Advancing the class struggle in this country goes hand in hand with the fight to break workers and minorities from illusions in Obama and the Democratic Party and to forge a multiracial revolutionary workers party. Only through a socialist revolution that smashes the capitalist state and erects in its place a workers state based on the expropriation of industry and the banks can there be an end to the destructive boom-bust cycle of capitalism and all manner of racial, sexual and national discrimination. This ABC of Marxism is rejected by the various phony socialists who join the labor bureaucrats in fostering illusions in the Democratic Party.
Among the organizations that sponsored the rallies is the liberal Southern California Immigration Coalition (SCIC), which includes the reformist International Socialist Organization (ISO) and Freedom Socialist Party.
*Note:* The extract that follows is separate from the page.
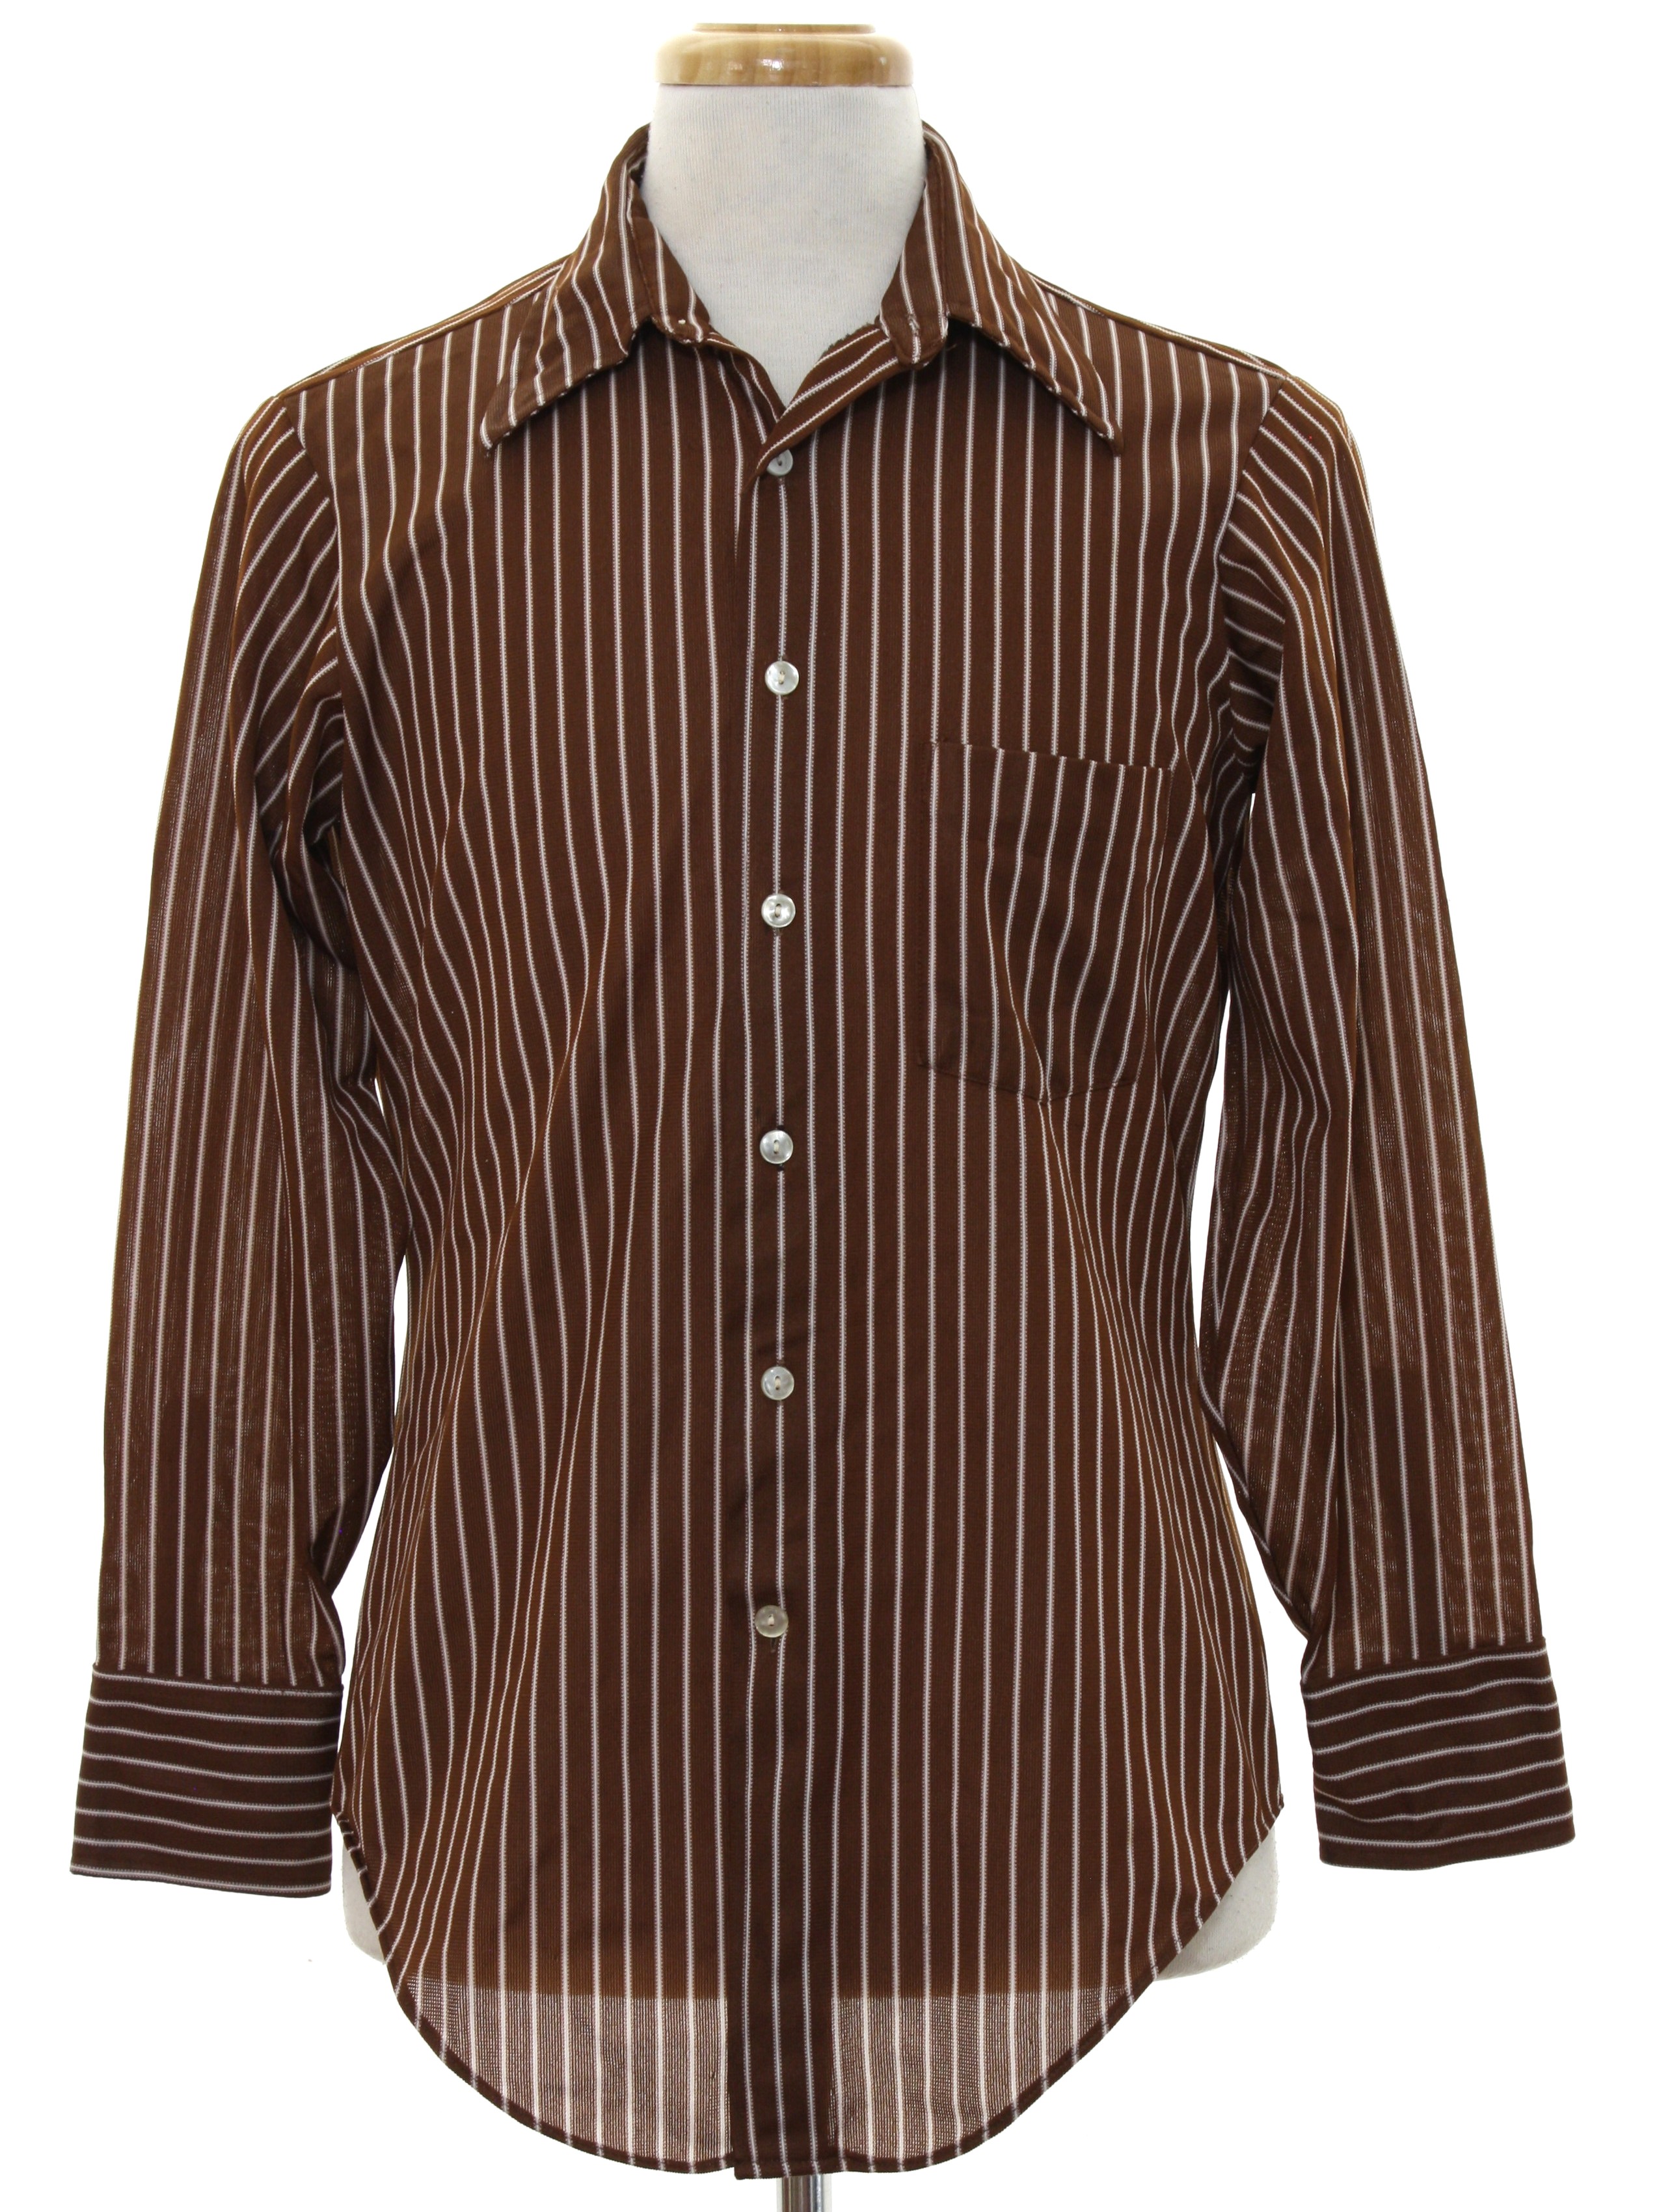 Retro 1970's Print Disco Shirt (Arrow) : 70s -Arrow- Mens dark brown ...
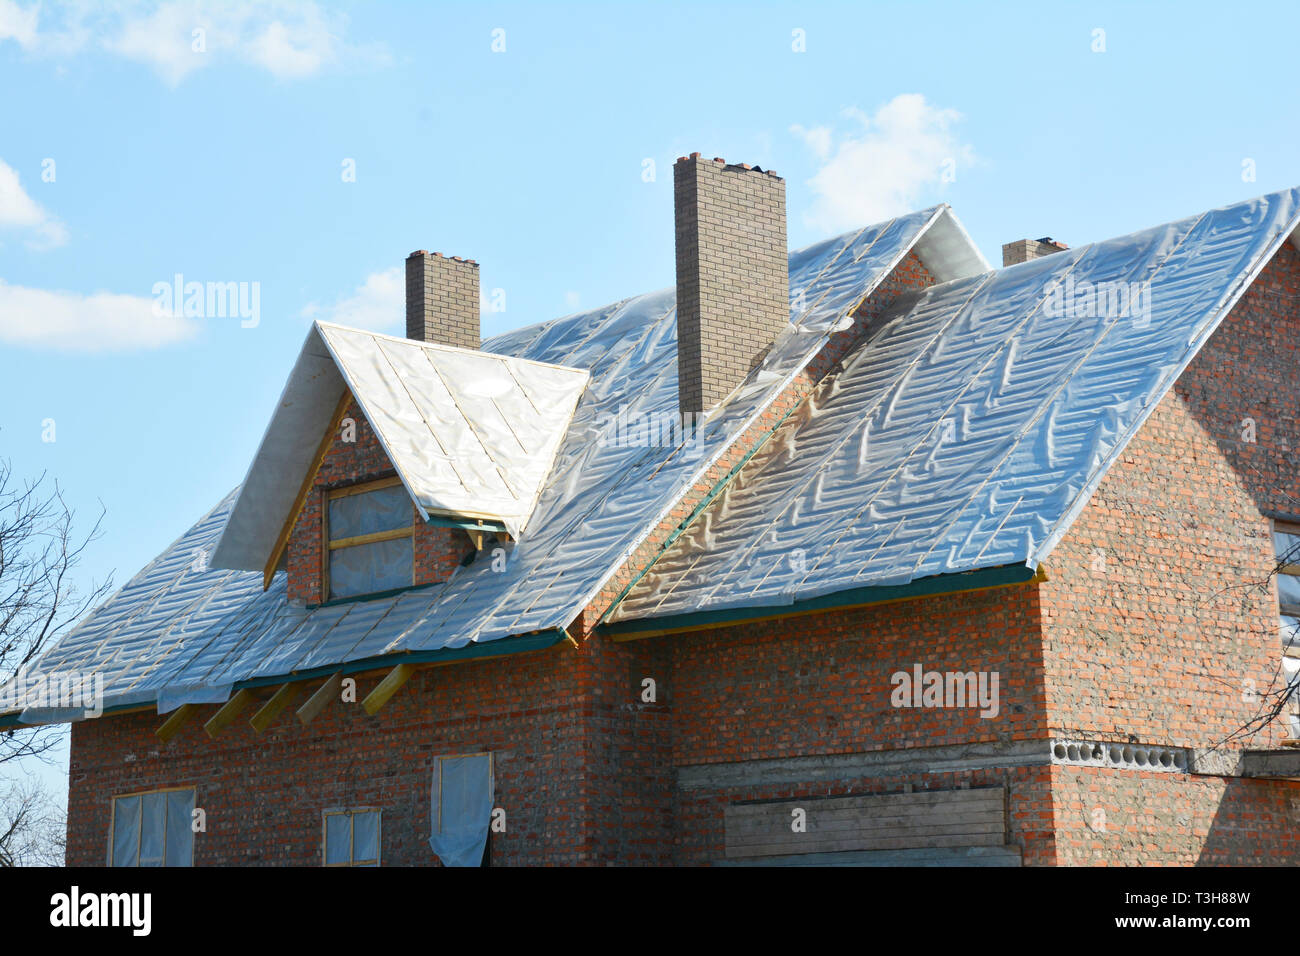 Le matériau de couverture étanche pour l'isolation thermique et d'étanchéité toiture chaude, et la membrane d'étanchéité du toit. Banque D'Images

In March, SCIC held a demonstration in L.A. under the slogans “Ayer Votamos y Hoy Marchamos [Yesterday We Voted and Today We March]! Full legalization NOW! Stop the I.C.E. Raids! YES WE CAN!” The self-proclaimed socialists of the ISO are past masters of the political shell game that is a pillar of capitalist rule in America—the notion that the Democratic Party is the “friend” of labor, blacks and immigrants. In a 25 August article posted on socialistworker.org, the ISO hails Obama’s campaign promises “to end the scapegoating of immigrants” and concludes by advising the imperialist Commander-in-Chief: “The idea of accepting concessions—in this case, more arrests, detentions and deportations for immigrant workers—before Congress even considers a carrot to match the stick gives away far too [sic] ground.”
The agenda of the reformist ISO is to prettify the ugly face of U.S. imperialist capitalism. We understand that there cannot be a just immigration policy under capitalism, an inherently unjust system rooted in the exploitation of the many by the few. As we explained in the International Communist League Declaration of Principles (Spartacist [English-language edition] No. 54, Spring 1998):
“Modern capitalism, i.e., imperialism, reaching into all areas of the planet, in the course of the class struggle and as economic need demands, brings into the proletariat at its bottom new sources of cheaper labor, principally immigrants from poorer and less-developed regions of the world—workers with few rights who are deemed more disposable in times of economic contraction. Thus capitalism in ongoing fashion creates different strata among the workers, while simultaneously amalgamating the workers of many different lands. Everywhere, the capitalists, abetted by aristocracy-of-labor opportunists, try to poison class consciousness and solidarity among the workers by fomenting religious, national and ethnic divisions. The struggle for the unity and integrity of the working class against chauvinism and racism is thus a vital task for the proletarian vanguard.”
Our program is for a series of workers revolutions that would lay the basis for an international planned, socialist economy. This is the only road to eliminating poverty, the main driving force for mass migrations throughout the world, and providing a life of abundance for all.